Chisholm, Forman and King
January 28, 2005
When we speak of the dead, we are supposed to follow the Latin phrase “De mortuis nil nisi bonum” (”Of the dead, only good is to be said”). In the case of civil rights leaders, nice things often are said about them by people who opposed them while they were alive. Plus, the history of the civil rights struggles they participated in gets sanitized and streamlined.
Doubts, mistakes and wrong turns are overlooked or forgotten. The Civil Rights Act of 1964 or the right to vote for women, for example, is remembered by many as simply a bill signed by a president and the next logical step on a one-way road toward greater justice and human understanding.
As we celebrate Martin Luther King Jr. Day this year, we should also take a few moments to honor two civil rights pioneers who have passed away in the last month: James Forman and Shirley Chisholm. One stayed outside the system; the other became a member of Congress. Both had a role to play in translating human needs into law for African Americans and all Americans.
The entire nation soon will be celebrating the 40th anniversary of one of Mr. Forman’s best-known achievements: the civil rights march from Selma to Montgomery, Ala., in March 1965. Forman, who was then serving as executive secretary of the Student Nonviolent Coordinating Committee, was leading the initial march that was forced to turn back after participants were brutally attacked. Two weeks later, after national attention had brought Alabama’s systematic civil rights deprivations into the open, a broad coalition of community, church, labor and student groups and supporters from across the nation, including Dr. King, successfully completed the march to Montgomery.
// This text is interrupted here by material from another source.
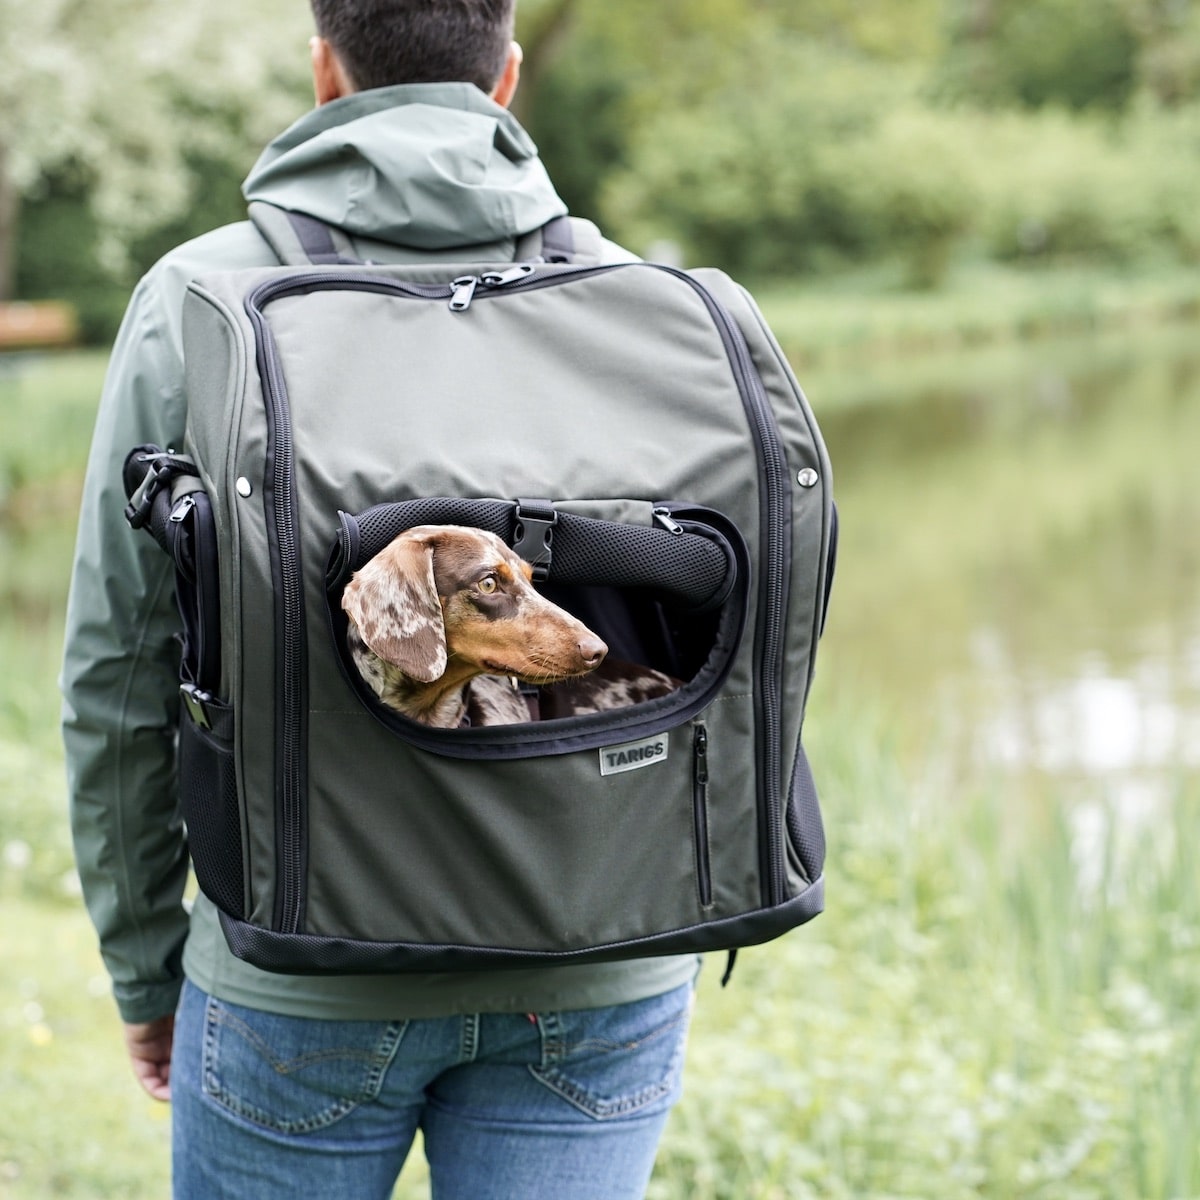 Hombre que lleva la mochila TARIGS Dachshund con un perro salchicha miniatura en su interior en color verde oliva

Five months later, President Johnson signed the Voting Rights Act of 1965, helping to safeguard the vote for African Americans and all Americans.
Aside from being a gifted community organizer, Forman was a brilliant strategist and stirring writer. The “Black Manifesto” he wrote in 1969 demanded that white churches stop benefiting from their prior affiliation with slavery. Taking over the Sunday service at New York City’s Riverside Church, he demanded half a billion dollars in reparations so that the African American community could develop the economic infrastructure it needed to end the cycle of poverty slavery had started. Many churches responded by increasing aid to the poor.
When I was helping to research the legal case for Japanese American redress in the 1970s, Forman’s concept of reparations made a lot of sense. The federal government had controlled the unjust imprisonment of 120,000 Japanese Americans behind barbed wire, so the government had a responsibility to make us whole. In our case, the logic held and justice was served because records of each incarcerated Japanese American were available. In the case of African Americans, the struggle to qualify, quantify and get past the white community’s “just get over it” mentality continues to hold back a righteous cause.
Chisholm took a different but complementary path toward helping her community as an educator and legislator. As the first African American woman to serve in Congress and the first to run for president, she was a role model for women of all backgrounds. Her slogan, “Unbossed and unbought,” reflected her determination to rise to heights commensurate with her considerable intellect and drive, no matter what party bosses or anyone else said.
The future Rep. Chisholm was born in the Bedford-Stuyvesant section of Brooklyn in 1924. Her father was a factory worker, and her mother was a seamstress and domestic worker. They sent their daughters to the Caribbean island of Barbados, where Chisholm and her sisters lived with a grandmother for 10 years.
A precocious child, she started reading and writing before kindergarten, which led to her later strong advocacy for early schooling programs. When she went on to win debating prizes at Brooklyn College, faculty mentors asked her if she had considered a career in politics.
After earning a master’s degree in elementary education at Columbia University, she headed several education-related institutions. Chisholm also started preparing for her eventual political career in a way that is instructive for Asian Pacific Americans aspiring to office. She served as a consultant to the city’s Bureau of Child Welfare for five years but also started serving as a volunteer for the Bedford-Stuyvesant Political League and the League of Women Voters.
By the time she was ready to run for the New York State Assembly in 1964, she was well-known in her community, had government credentials and was seen as someone who had “paid her dues.”
Chisholm was elected to the House of Representatives in 1968 and stayed for 14 years. She left partly to take care of her husband, who had been injured in a car accident, but she also noted that by 1982, “moderate and liberal” lawmakers were “running for cover from the new right.”
Chisholm’s life has several important messages for APAs as we move into the world of politics. In 1972, when she decided to run for president, she knew she probably could not win, but the seriousness of her quest became, in her own words, a necessary “catalyst for change.”
She also reminded us of the inferior role men have foisted on women in the world of politics. “I’ve always met more discrimination being a woman than being black,” she told The Associated Press 10 years later.
James Forman and Shirley Chisholm, like Dr. King, did more than their share of the work to bring more justice and equality to our world. While they chose different paths toward the same goal, each is deserving of our profound thanks.